Dual-energy X-ray absorptiometry (DXA)
This technique adopts two distinct X-ray energies which get attenuated while passing through the specimen. This attenuation for both frequencies is recorded with a detector, which is correlated with the sample’s effective atomic number that is subject to the moisture content. One distinct advantage of DXA is the ability to determine moisture content without knowing oven-dry density. The evidence that each substance has a unique absorption of X-ray energy is exploited in this method to measure the quantity of moisture in timber (Hultnas and Cano, 2012). Kim et al., (2015) determined the moisture content in the range of FSP and above, by interpreting the radiographs obtained using a polychromatic X-ray source and digital detector.
Nuclear magnetic resonance (NMR)
NMR method relies on the interaction between an applied magnetic field and the magnetic moment of an atomic nucleus. Atomic nuclei have magnetic moments because the protons comprising them possess spin. Nuclei are also charged and a moving electrical charge generates magnetism. Thus, the magnetic moment of the atomic nucleus arises, making the nucleus a dipole. Magnetic moment is an intrinsic property of every atomic nucleus. Hydrogen nuclei have the strongest magnetic moment and are utilized in NMR technique. A proton without influence from an external magnetic field spins and has its own magnetic moment in the direction of the spin axis. As an external field is applied, the protons will feel a torque forcing them to align either parallel or anti-parallel to the external field. Nuclei in the anti-parallel state have more energy than those in the parallel state. By applying a second external field, in the form of an electromagnetic signal in the radio frequency (R.F.) range, nuclei in the parallel state can be induced to ascend to the higher energy anti-parallel state. The frequency of the secondary field that will cause this is specific and when that state is achieved, the nucleus is said to be in resonance with the applied field. After the R.F. pulse, the nuclei return to their previous state emitting a signal in the frequency range they absorbed previously. The protons belonging to water molecules can be accurately determined. The set up in reference (Xu et al., 2017) consists of a permanent magnet in a region where the specimen is evaluated. A solenoid coil encases the sample tube and both the sample tube and the coil do not affect the NMR signal. This is conducted in a temperature controlled box, since temperature changes influences the field.
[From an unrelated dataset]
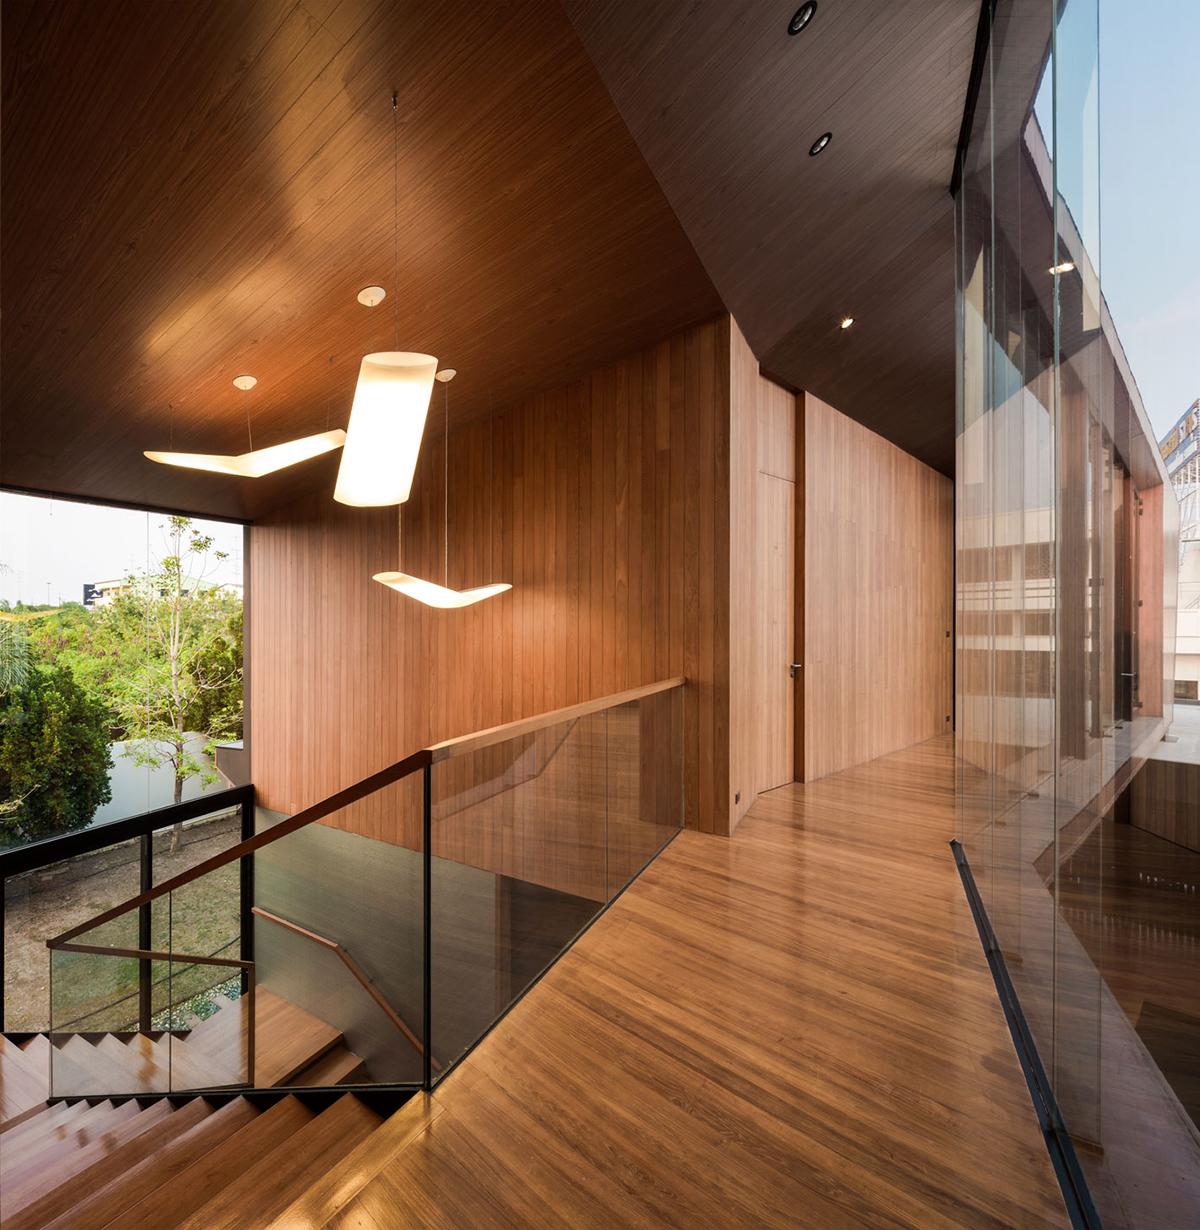 Residence R by Atom Design | KNSTRCT

The longitudinal relaxation times (T1) or transverse relaxation times (T2) are acquired from the NMR signal. The solid timber and the water within it, comprising of free and bound water are easily identified to the distinguishable T2 behavior. The smallest T2 value is of the cell wall (few microseconds), followed by bound water (few milliseconds) and free water (ten to hundreds of milliseconds). This method is extremely accurate and can distinguish between the contents of free and bound water (Guzenda et al., 2001). However, this is a high cost technology and R.F. coils need to be tuned regularly.
Radio frequency methods
R.F. attenuation and polarization
At frequencies lower than around 1GHz, electromagnetic waves interact strongly with water and penetrate deep enough into solid objects. Water molecules continuously attempt to reorient themselves according to the polarity of the applied electric field by absorbing energy from the electric field. This leads to energy loss or attenuation. The loss factor depends predominantly on the amount of water molecules. Besides, electromagnetic radiation slows down as it propagates through a solid material. As the wave slows down, its wavelength contracts. The loss in speed relies on the dielectric propagation constant of the sample in question. The propagation constant in turn depends on the timber density and moisture percentage. The retardation experienced by the wave can be measured as a change in phase as it is transmitted through the solid material. The third property that changes when an electromagnetic wave encounters when it is transmitted through a solid object is polarization. As described by Bucur (2003), timber is an anisotropic material and different directions have different dielectric characteristics. As the wave hits the material, its linear polarization shifts resolving into components in the direction of the minimum and maximum dielectric constant. So by measuring attenuation and change in polarization of RF waves through the material, the moisture content can be estimated.
Ground penetrating radar (GPR)
This non-destructive technique utilizes electromagnetic waves to realize three-dimensional representations employing direct or reflected wave approach. A GPR signal transmitted through the sample is influenced by timber density, moisture content, temperature and fiber orientation. The dielectric response of timber is superior when the applied electric field is parallel to the fiber direction compared to being perpendicular. GPR equipment comprises of an electromagnetic wave pulse generator and double coupled antenna made of dipolar elements (transmitter and receiver) (Abad et al., 2010). Mai et al (2015) reported section wise linear/curvilinear dependence of permittivity on moisture content, with slope variation at FSP and good sensitivity for microwave propagation components to timber moisture changes.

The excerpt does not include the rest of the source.